I haven't looked in depth at scaling with size of the inputs, but it also looks like polyval copes better with multidimensional inputs. Given tc = np.arange(0, 100, 0.1).reshape((10,10,10)), the relative timings are:

[1.         0.46194848 0.84781528 0.71898237 0.59637739]
tztsai commented 7 months ago

Looking into this, it looks like manually coding polynomials in Horner form may be the fastest, although using numpy.polynomial.polynomial.polyval offers an decent speed boost in a neater wrapper. ...

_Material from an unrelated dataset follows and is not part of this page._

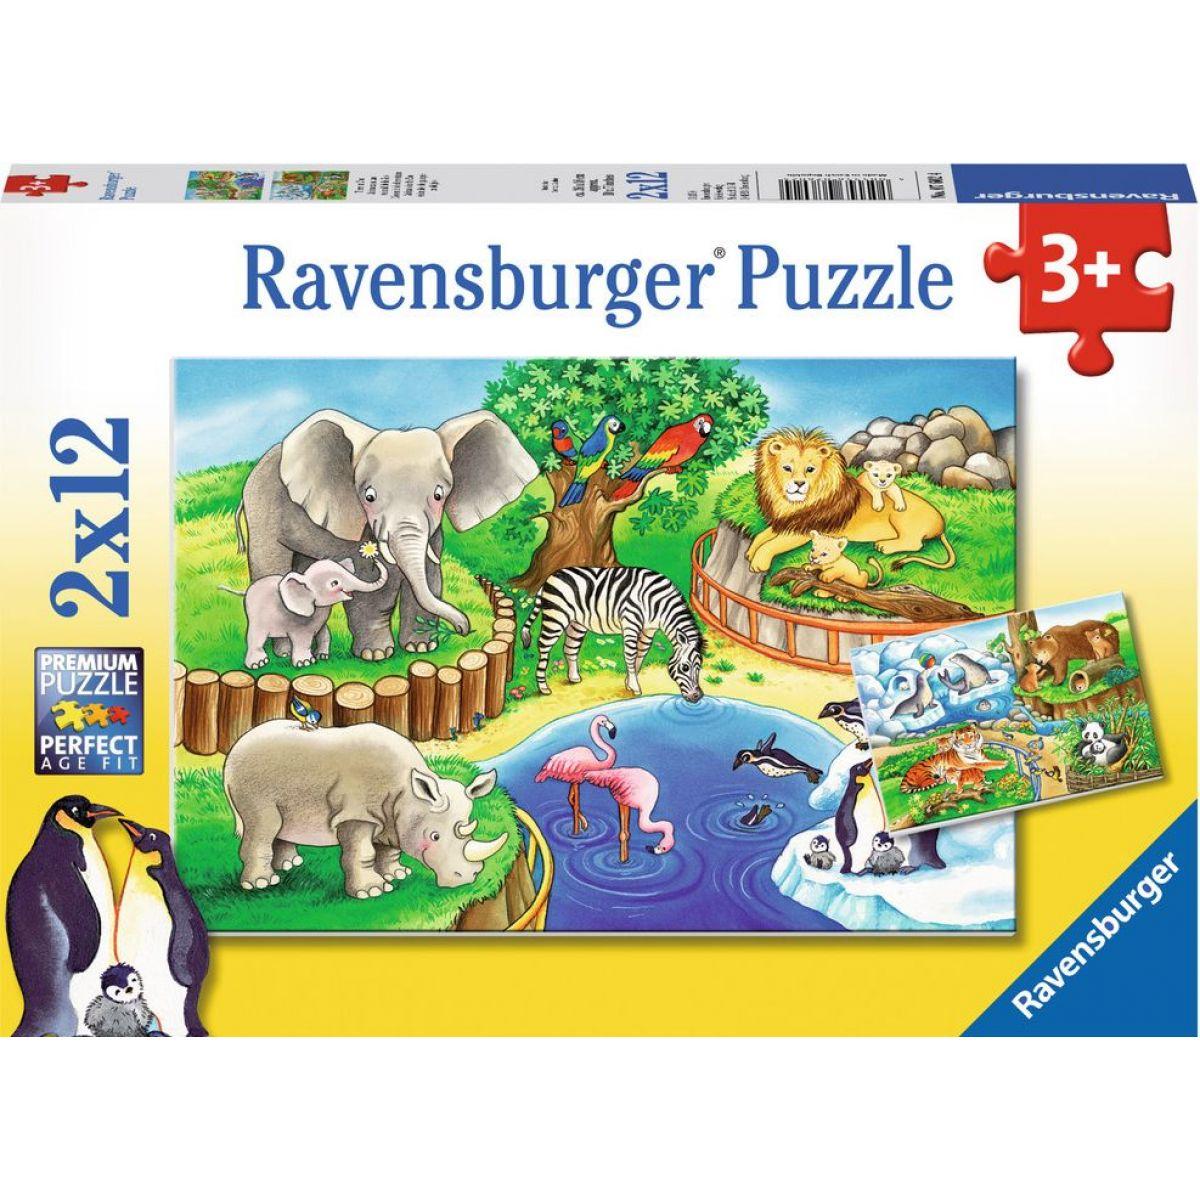 Ravensburger Puzzle Zvieratá v ZOO 2 x 12 dielikov

Maybe we can implement an utility function

def horner_polyval(x, cf):
  y = 0
  for c in reversed(cf):
    y = x * y + c
  return y
davidorme commented 7 months ago

Could do! How does the speed compare to the current and hard-coded versions? I guess it will slow it down, but if that is negligible, a utility function makes life much easier.

tztsai commented 7 months ago

The time cost of the testcase using horner_polyval is appended at the end: [1. 0.48477401 0.77228972 0.61615877 0.60483256 0.4863881 ] So it appears that the utility function adds a negligible overhead.